# Any tryhard gamers?



## NatesBaked (Mar 23, 2013)

Hey, I'm a competitive gamer with out competition. I'm tired of playing against teams of people when my team is a bunch of people who suck. lol. I hate losing. But anyways, i do keep chill even though i hate losing, and i love playing baked. so when i get my internet in my crib, anyone wanna maybe be competitive? my xbox live gt is in my gamertag. (putting it in my sig after this.)


----------



## DrKingGreen (Mar 24, 2013)

too bad it's xbox. We placed top 10 in the world this week in kill confirmed on ps3 today. Top 15 past 3 weeks... This is all out of an average of 25,000 clans


----------



## sunni (Mar 24, 2013)

i dont console game for competitive and i dont know anyone who does, its all about computers if you want to game competitively


----------



## RyanTheRhino (Mar 24, 2013)

If you are as good as you say ,people will come to you, that's how it happens. step your game up and you will be deleting friend requests left and write until you find the good people


----------



## kinetic (Mar 24, 2013)

RyanTheRhino said:


> If you are as good as you say ,people will come to you, that's how it happens. step your game up and you will be deleting friend requests left and write until you find the good people


My wife made me friend request gamertags that she thinks is Tom Hardy the actor.
Not really relative but yea.


----------



## millie (Mar 27, 2013)

sunni said:


> i dont console game for competitive and i dont know anyone who does, its all about computers if you want to game competitively


There are still a lot of titles on consoles which have amazing competitive teams/players. Although the player base is WAY smaller than pc games like league of legends and starcraft.


----------



## sunni (Mar 27, 2013)

millie said:


> There are still a lot of titles on consoles which have amazing competitive teams/players. Although the player base is WAY smaller than pc games like league of legends and starcraft.

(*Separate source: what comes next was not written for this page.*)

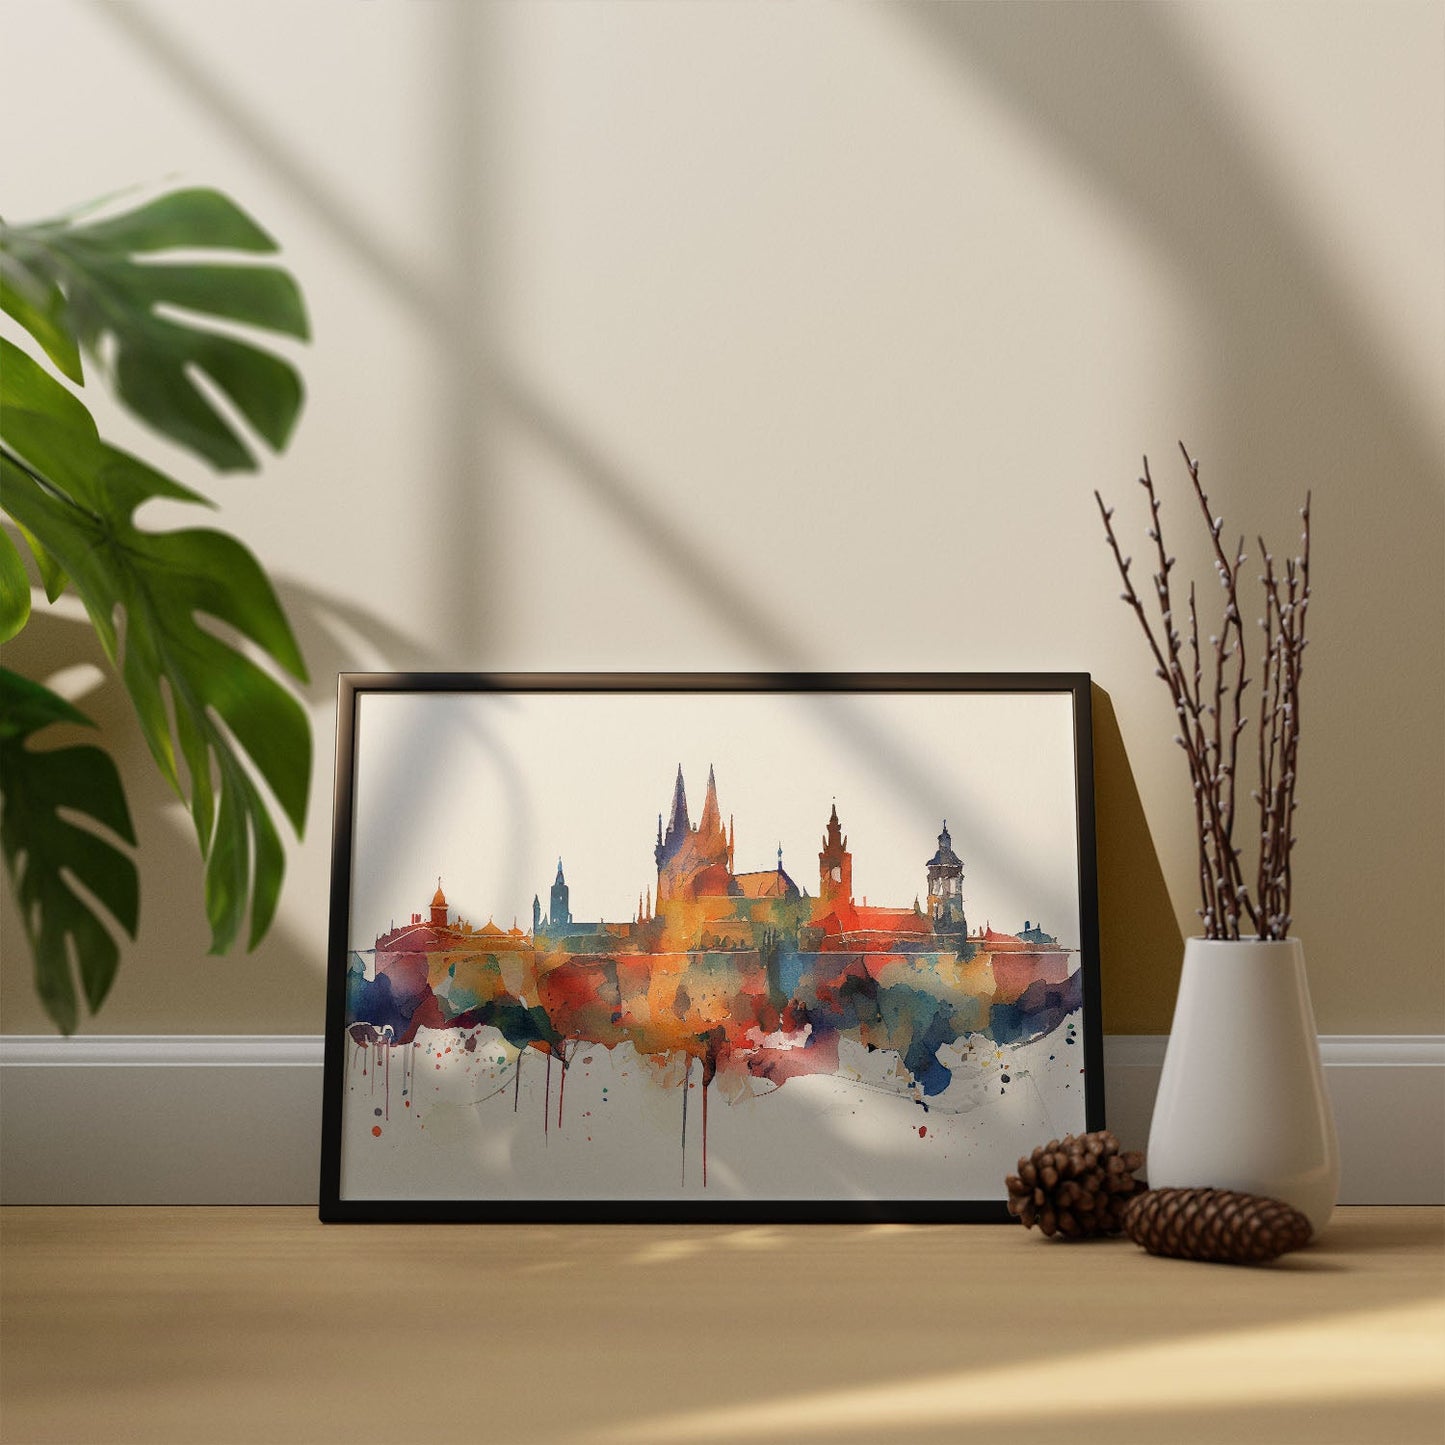 Nacnic watercolor of a skyline of the city of Prague_4. Aesthetic Wall Art Prints for Bedroom or Living Room Design.-Artwork-Nacnic-A4-Sin Marco-Nacnic Estudio SL

I am still voting for computers for competitive gaming rather than console, and im not just strictly speaking lol,hon, or sc thats only 1 style of game.


----------



## millie (Mar 27, 2013)

sunni said:


> I am still voting for computers for competitive gaming rather than console, and im not just strictly speaking lol,hon, or sc thats only 1 style of game.


The competitive pc community is bigger yes but im saying there are a lot of very dedicated competitive console players and teams. Saying "its all about computers if you want to game competitively" is simply not true. Gears of war 1 came out in 2006 and the majority of the competitive community has been playing it since then. I would say 6-7 years of playing the same franchise competitively pretty damn competitive to me.


----------



## sunni (Mar 27, 2013)

millie said:


> The competitive pc community is bigger yes but im saying there are a lot of very dedicated competitive console players and teams. Saying "its all about computers if you want to game competitively" is simply not true. Gears of war 1 came out in 2006 and the majority of the competitive community has been playing it since then. I would say 6-7 years of playing the same franchise competitively pretty damn competitive to me.


ok what i meant by "its alla bout computers" is , in my own personal outlook on it and opinion computer competitive gaming is far better than console.


----------



## millie (Mar 27, 2013)

sunni said:


> ok what i meant by "its alla bout computers" is , in my own personal outlook on it and opinion computer competitive gaming is far better than console.


i concur


----------